FYI, the brilliant and brave Judge Gary Lancaster who has already been castigated by the right as being an out of the mainstream "activist judge" was appointed to the federal courts by President Clinton.
Stevi Secret

Update 3/17/05

Talking Points about Privacy and First Amendment Issues
Apply to legal arguments for both adult films and all private adult sexual activity, including sexwork
Excerpts from AVN report
Obscenity Laws, the Reactionary Right and the Adult Community
3-17-2005

Louis Sirkin, Esq, who successfully defended Extreme Associates recently said:

...it was important to analyze what was really said in the Stanley v. Georgia cases where an individual was deemed to have the right to privacy in their own home, as it didn't affect those in his community, or in commerce or have anything to do with a moral code. Sirkin went on to illustrate the successful arguments of Roe v. Wade (which found that substantive due process went outside the realm of privacy in one's home) and, most importantly, Lawrence v. Texas (where the Supreme Court decision to recognize personal liberty as a "Do Not Enter" sign for the moral code of anyone, government included).

He went on to state that citizens have a right to choose what to watch, and when to watch it and the government's only compelling interest is to enforce a moral code which, in turn, would stand to keep this material from the hands of non-consenting adults.

Sirkin's argument referenced the popularity and acceptance of Viagra as a safe and approved form of sexual arousal. He added that Judge Lancaster commented to the journalists in his courtroom that it's not enough to allow people to have the right to read – and that journalists thereby have the right to write to that audience – but that there should be a law protecting the production and sale of the ink to print the words to read. Judge Lancaster, the judge in the Extreme Associates case used the Lawrence case to dismiss the charges. Per Lawrence vs Texas (by only a 5-4 decision) no longer is morality a basis for law. The remaining key issue is whether or not there is a compelling State interest to restrict private consenting adult sexual rights.

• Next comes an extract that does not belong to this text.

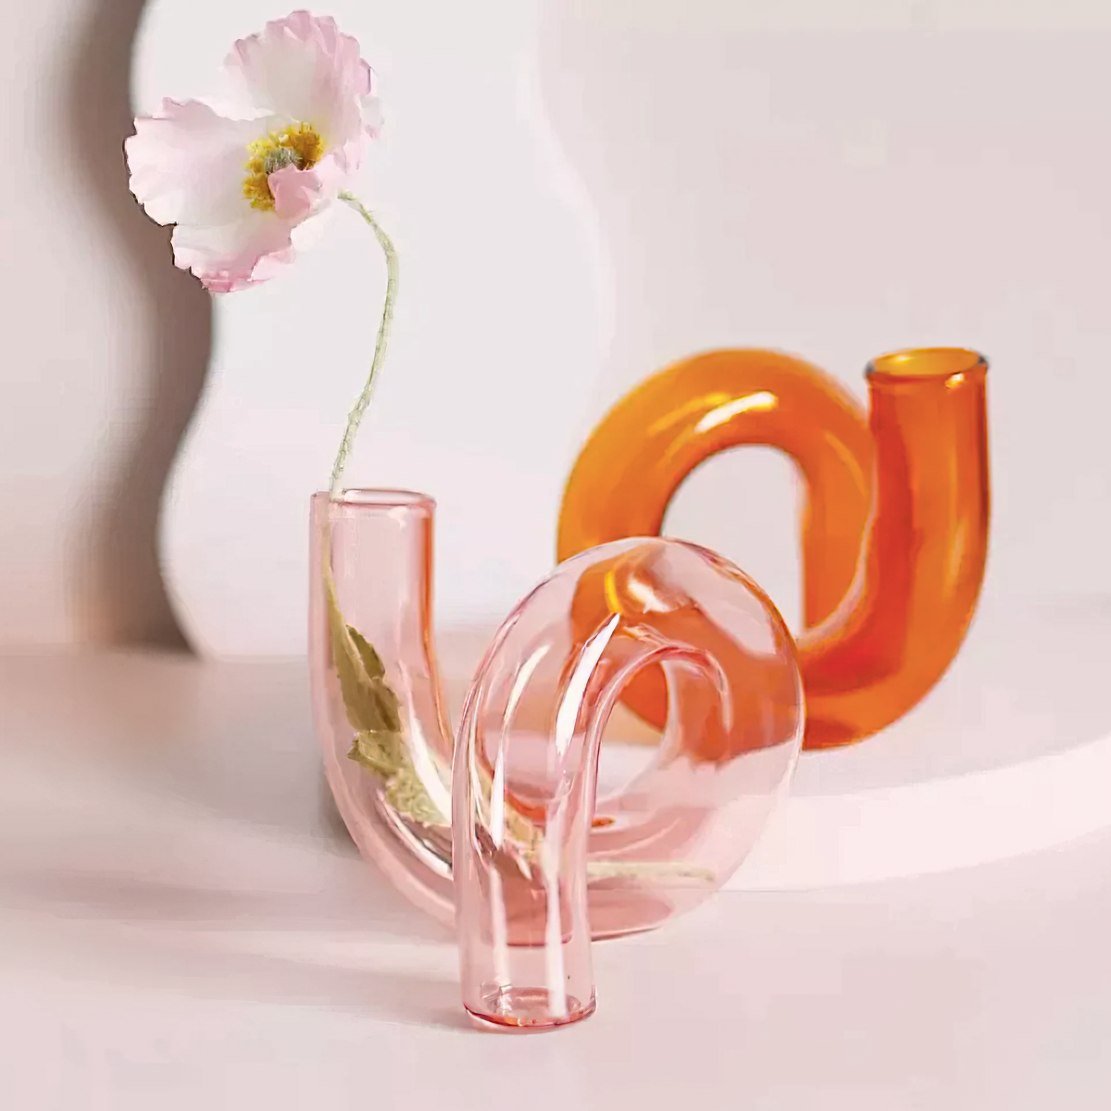 Pink & orange glass twist flower vase

According to Sirkin, Lancaster, in his discussions in court, also referenced that the government is now aware that the individual moral thoughts can't be determined to a higher level. He even quoted conservative Supreme Court Justice Anton Scalia's comments in Lawrence v Texas where the jurist brought to light arguments about gambling and prostitution as well.

In a mock debate, in opposition, John Mitchell, Esq., a public policy lawyer from Washington, D.C. discussed the right to protect minors from obscenity, citing that prostitution, gambling and maybe even suicide would be allowed in this current mindset.

Sirkin's responses to the rights of privacy question were simple. If a student now has the right to read the Communist manifesto, then they must be allowed to study it at home. He went on to say that it's the parents responsibility to protect their children, not the government's job, adding that the issue is about privacy, not morality and that even Scalia in the Lawrence case stated that "morality is not a compelling governmental interest."

Sirkin was quick to point out that the Web is just another form of a retail store and people make their own personal choice to stop in or purchase material. Mitchell argued that the real estate is supported by tax dollars and that citizens must take the responsibility for what people are exposed to in this country.

As the evening ended, First Amendment attorney Jeffrey Douglas praised Sirkin for not only convincing Judge Lancaster that his opinion was right, and commented that the Judge himself felt enlightened and empowered by the knowledge that he had protected an individual's right to privacy.

Sirkin remained optimistic to the very end of the evening, responding that in spite of the government appeal in the Extreme case, "It's nice to win the first round."